Hi @lcmeng, the model is trained using the default mixed-precision (O1). We doesn't deal with the logging of amp so the loss scaling info is not wrote to the log file.
Your environment seems correct and I am not very clear about the reason about your problem. According to other users' feedback, installing apex from source may be error-prone, so I just suspect that there might be something wrong with your apex. The nvcr-21.05 docker has installed apex by itself, so you can try it first. The version of CUDA and pytorch is ok and I have checked.
Besides, you can share me with your log so I can look into it further.
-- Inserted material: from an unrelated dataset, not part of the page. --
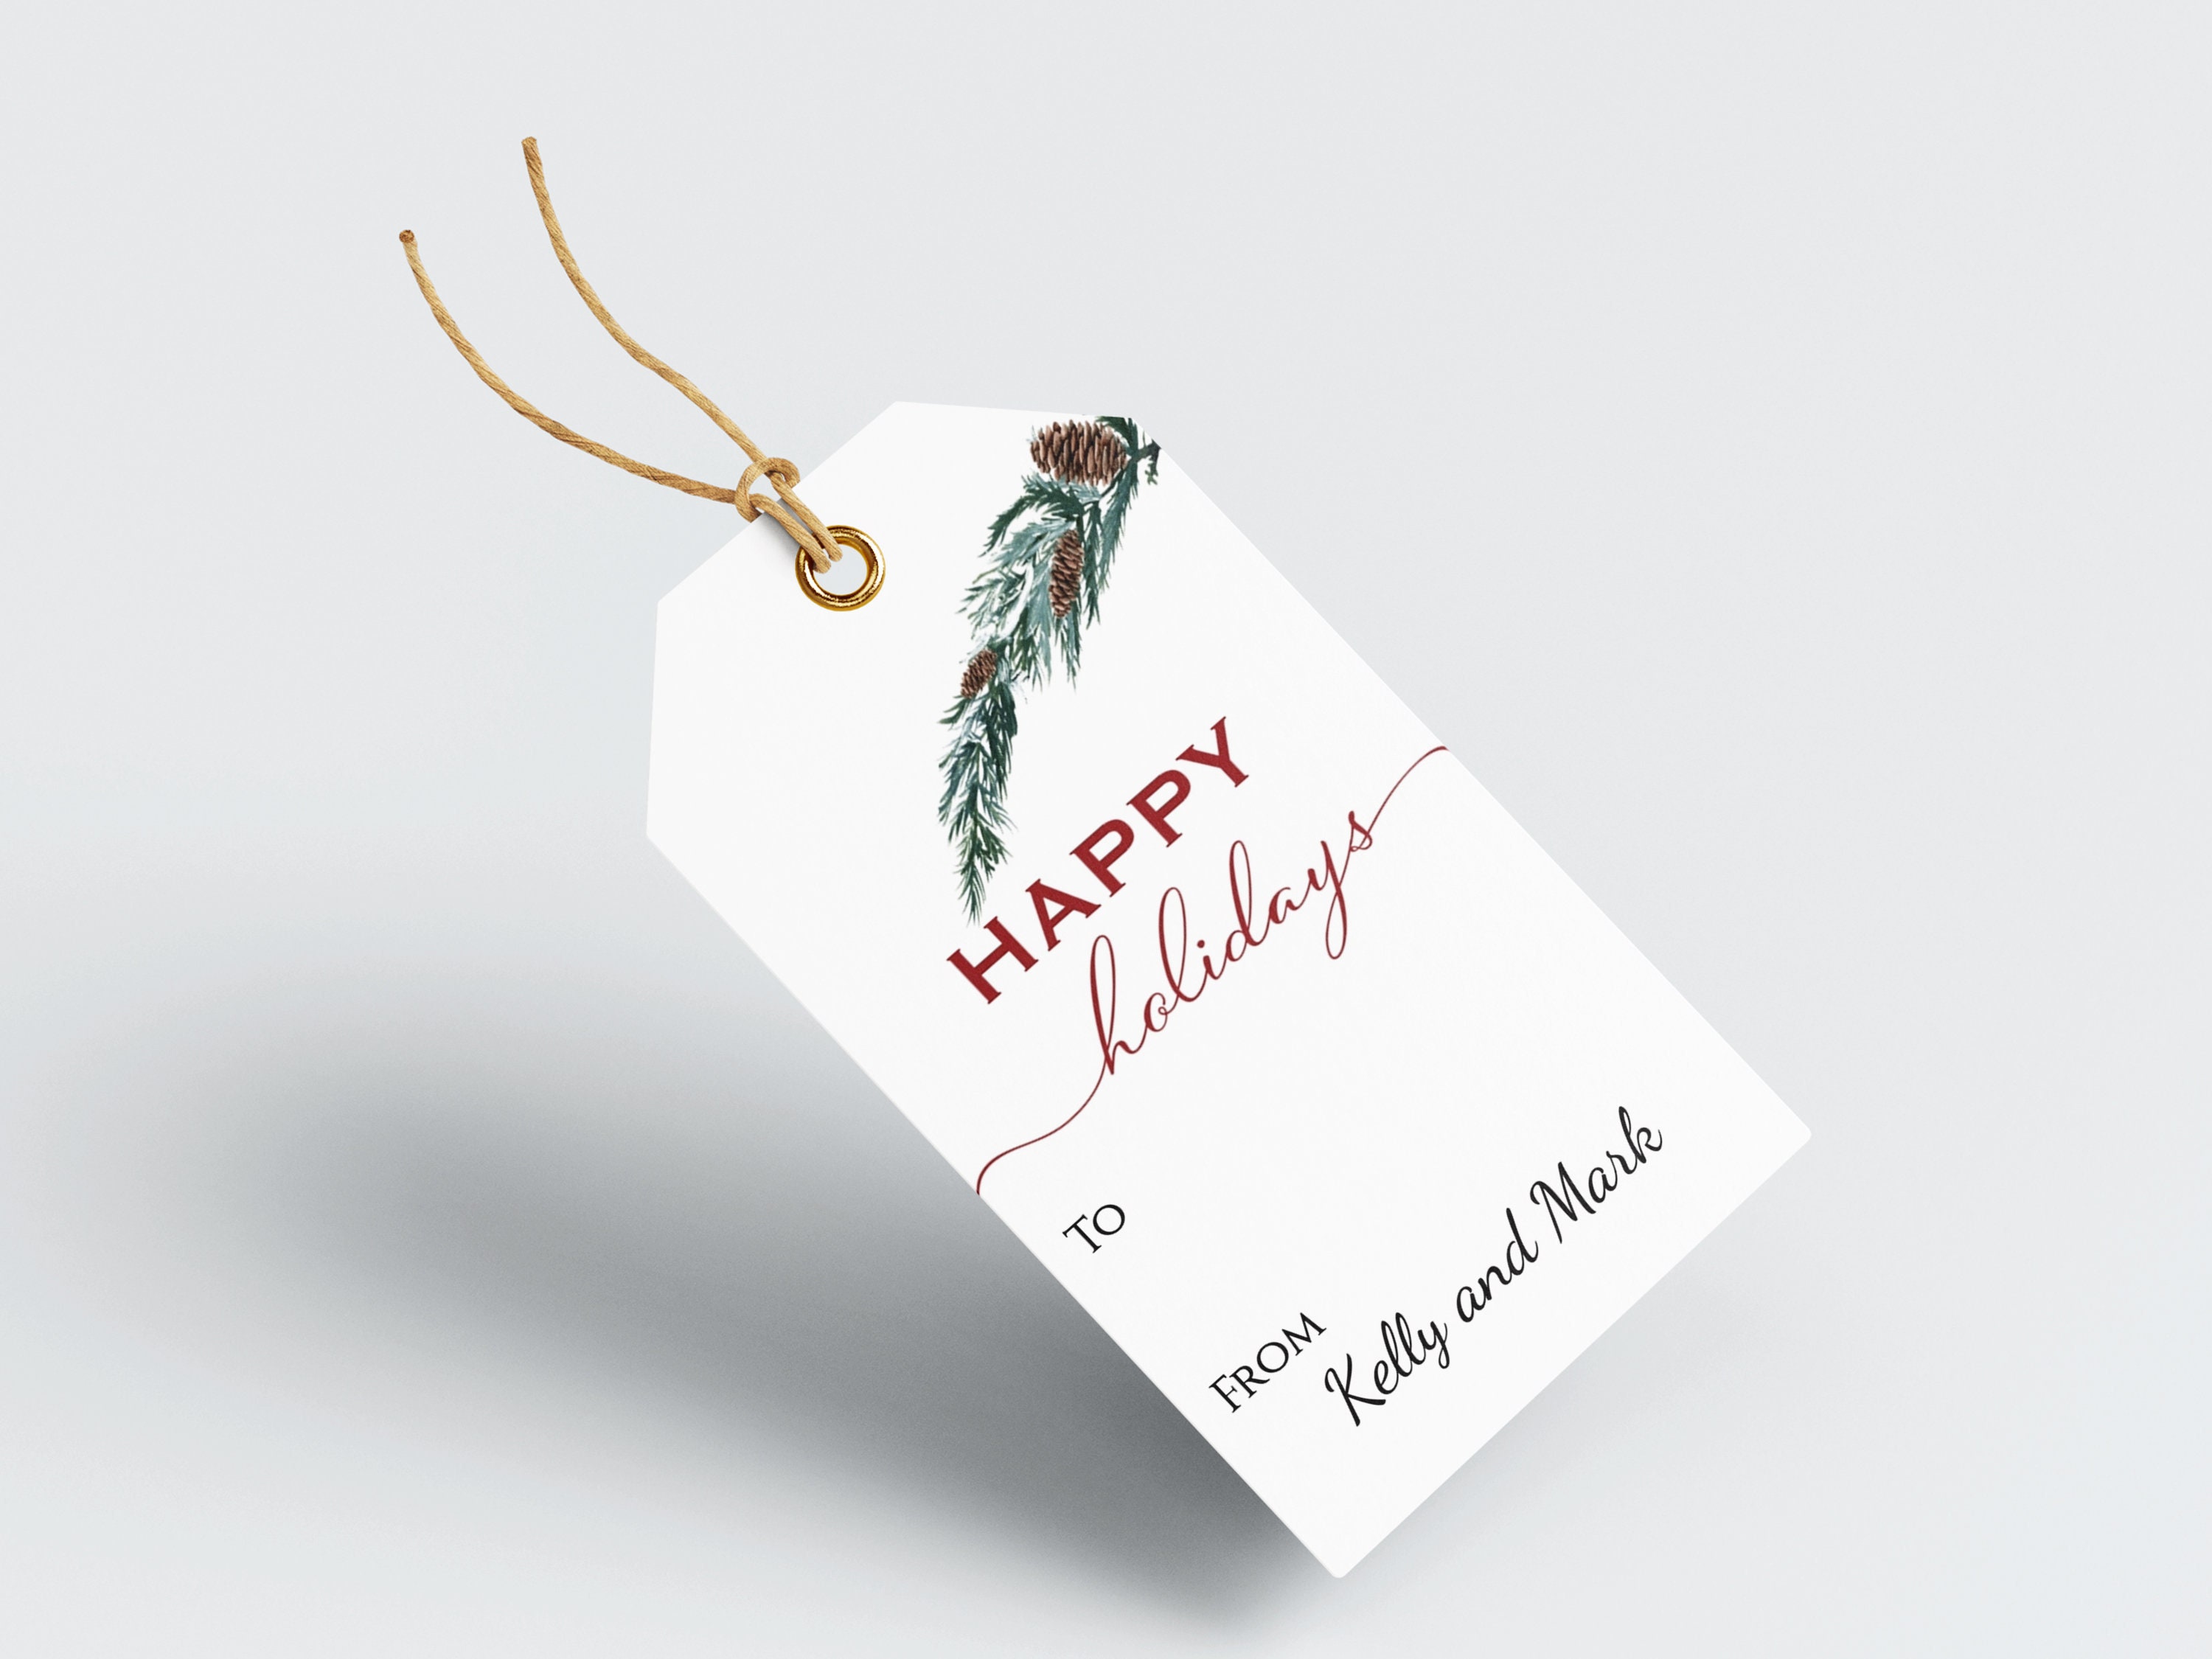 Christmas Gift Tag, Holiday Gift Tag, Christmas Holly & Pine Tags PRINTED  Gift Tags with string, Holiday Gift Tags

@zeliu98, thank you for the explanation. I've added some TensorBoard code to Swin to generate visualization of the training. It seems the drop of accuracy near the peak LR is correlated with the explosion of gradient (norm).
Please see the attached screenshots. The LR appeared to be doubled, due to accumulation step = 2. It is in fact the same as the recommended setup.
(1) The trace of gradient norm over global steps. It increased very aggressively after the initial "flat" phase.
(2) Max top-1 accuracy happened at Epoch 15.
(3) Using the recommended LR schedule
@lcmeng Hey, I'm wondering what the point it is from the grad_norm. I have seen some people use this metric with their issue about convergence of Swin. Would you please give a hint, thanks.